Школьники толпились на паперти, хотя дверь главного входа была раскрыта настежь. Двое учителей, стоя по обе стороны двери, пытались поддержать порядок. Подняв указательный палец, они прижимали его к губам и громким шепотом призывали галдящих учеников вести себя потише.

На высокой башне звонили колокола. Сами вспомнил похороны дяди Олли. Тогда тоже колокола гудели. В саму церковь отец не пошел. Он остался ждать конца церемонии снаружи и показал Сами большую надгробную плиту, на которой была высечена надпись: «Павшим за убеждения». Сами не понимал, как это. Отец объяснил: плиты с такими надписями установлены на могилах финских красногвардейцев, погибших во время гражданской войны в Финляндии в 1918–1919 годах.

В передней было прохладно и жутковато. Здесь уже все переговаривались шепотом, а колокольный перезвон был едва слышен. Один из преподавателей старших классов стоял у следующей двери, из передней в церковный зал, тоже предостерегающе подняв палец. Растянувшаяся колонна школьников медленно вползала в зал. Первое, что удивило Сами, — высокий купольный потолок. Он был ярко-голубым, и на нем сверкали золотые звезды.

Зал был странно гулким. Каждый звук — шарканье ботинок, шорох одежды, стук скамей — носился эхом от стены к стене. Окна были с цветными стеклами. Поэтому, что там, снаружи, не было видно. Визгливо хихикнула какая-то девчонка. Тотчас же двое учителей, нахмурив брови, поднялись, отыскивая взглядом, кто это нарушает порядок. Странно, подумал Сами, почему в церкви нельзя веселиться, если тут так забавно?

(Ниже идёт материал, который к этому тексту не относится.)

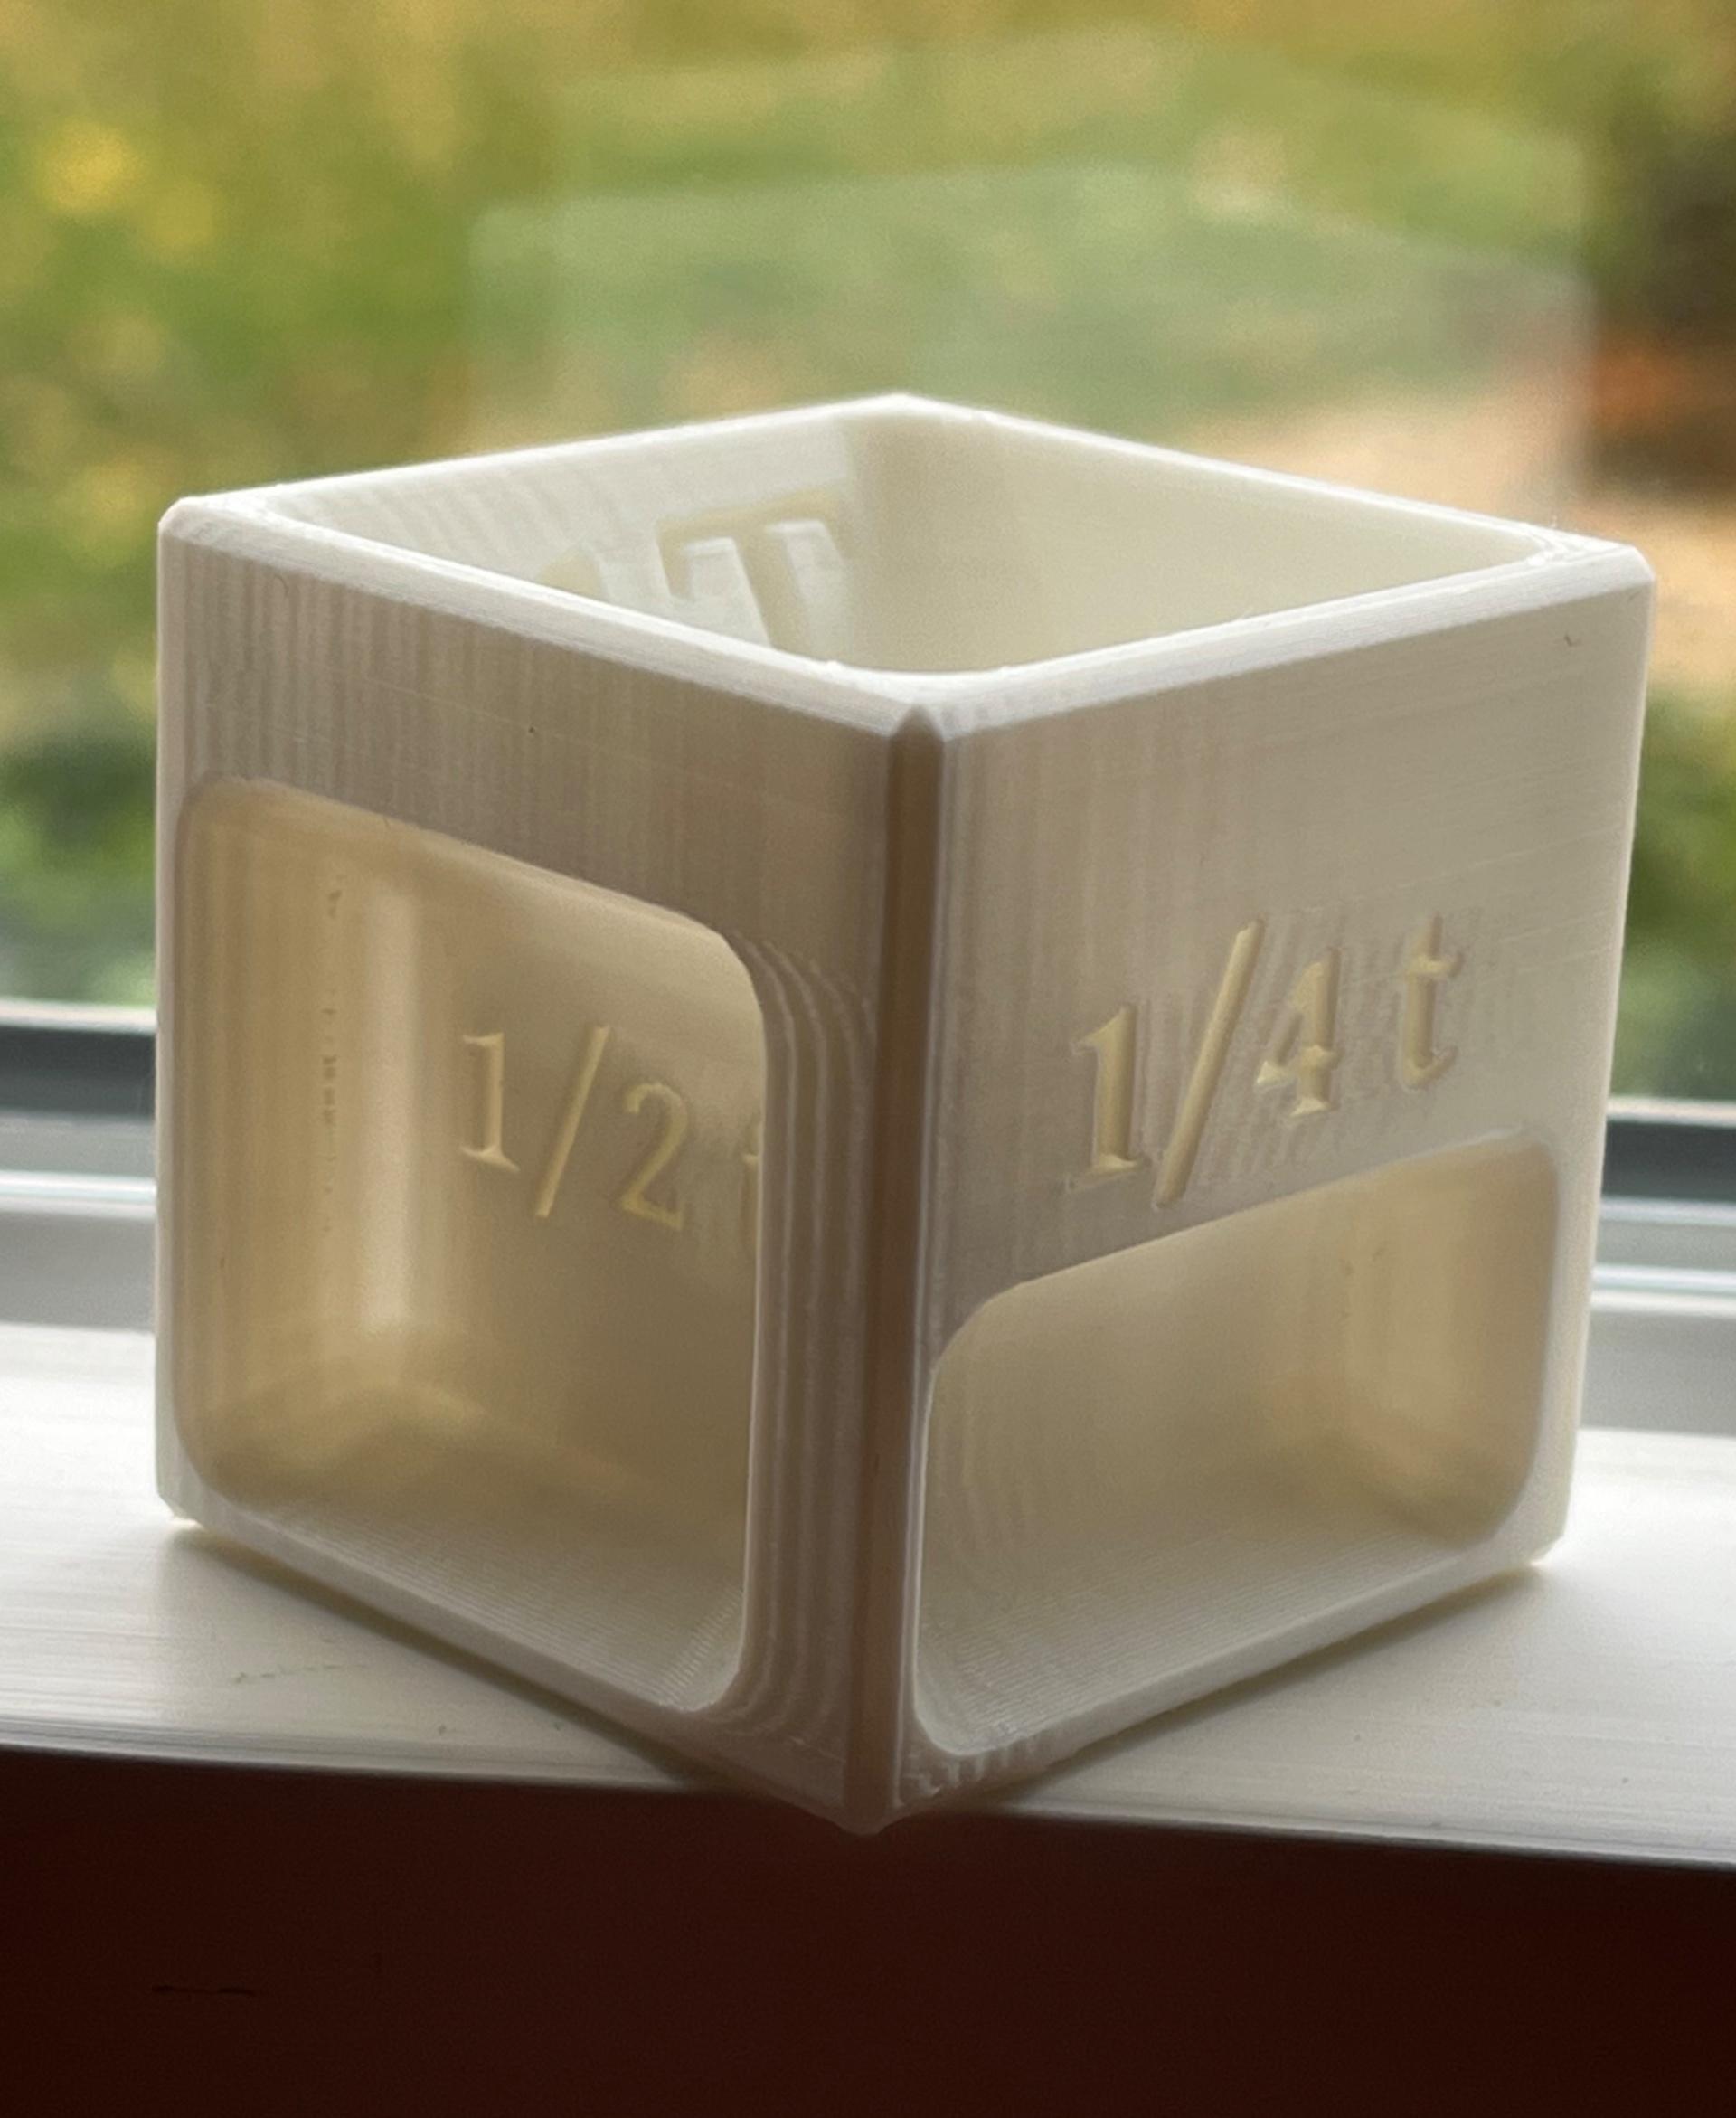 Small Measuring Cube R1.STEP - Added measurement text. - 3d model
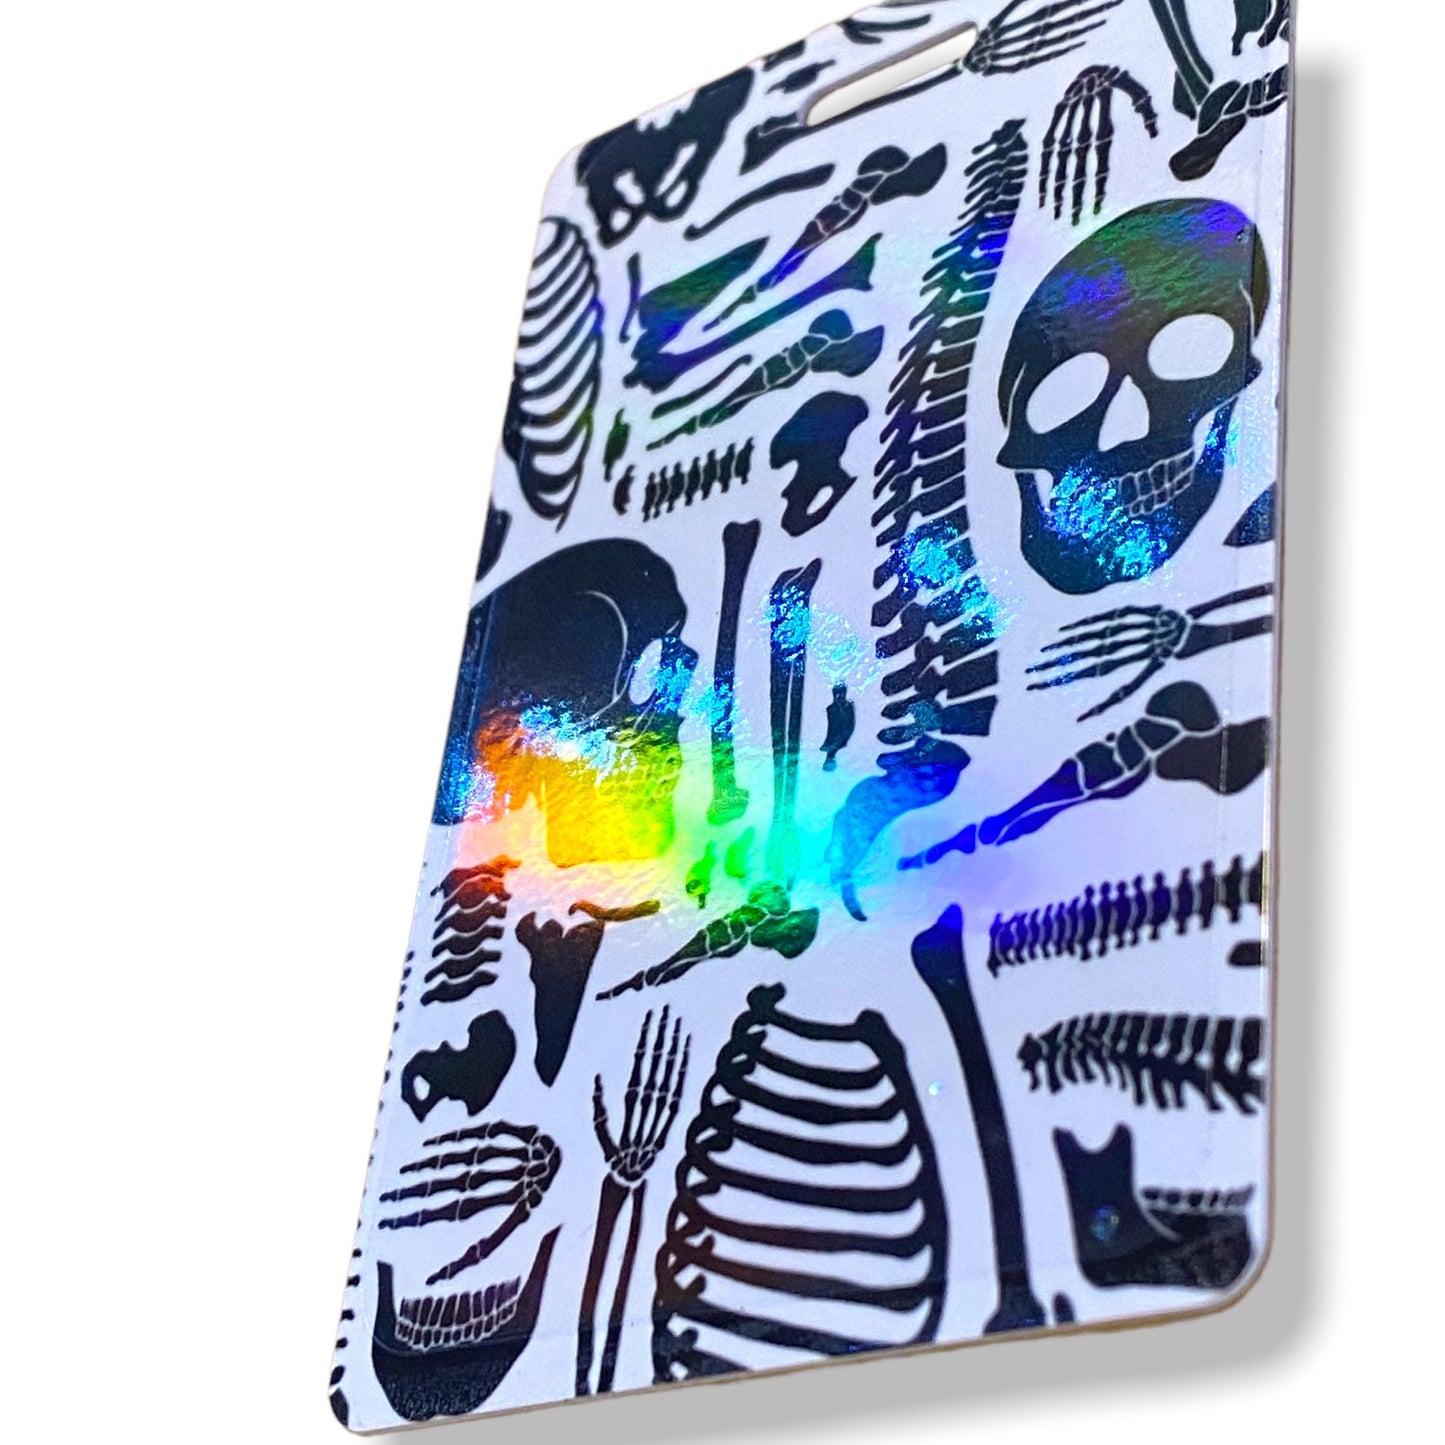 Rad Pad for Holding Xray Markers with Holographic Cover

Он сел рядом с Паси. Деревянная церковная скамья оказалась неудобной. Он попытался откинуться, чтобы опереться о спинку, но сразу же начал соскальзывать вперед. Прочно удалось усесться, лишь упершись ногами в перекладину стоящей впереди скамьи.

Пока классы, пришедшие последними, шумно рассаживались по местам, у Сами было время рассмотреть церковь. Непонятно, почему купольный потолок такой высокий. И без этого было бы ясно, что хотели изобразить небо. Потолок поддерживали колонны в два ряда. На колоннах были нарисованы вьющиеся растения и птицы.

Паси достал из кармана небольшую книжку, комикс серии «Высокое напряжение», и принялся читать. Английские парашютисты атаковали немцев с тыла, пулеметы строчили, летели отстрелянные гильзы. Паси был как раз на середине книжки, когда Сами толкнул его локтем в бок:

— Д-да-дай и мне.

— Сейчас.

Паси парень тихий, приятный. Он не посмеивался ни над рыжей шевелюрой Сами, ни над его заиканием. Паси, единственный, не обзывал Сами Луковицей. С Паси здорово было водить компанию, с ним можно отправиться куда угодно. Не раз они проводили вместе долгие вечера, но почти не разговаривали. Случалось, Паси бросал коротко: «Глянь!» или «Видишь того?» — и Сами достаточно было произнести лишь «угу» или «ну», а можно было и вообще промолчать.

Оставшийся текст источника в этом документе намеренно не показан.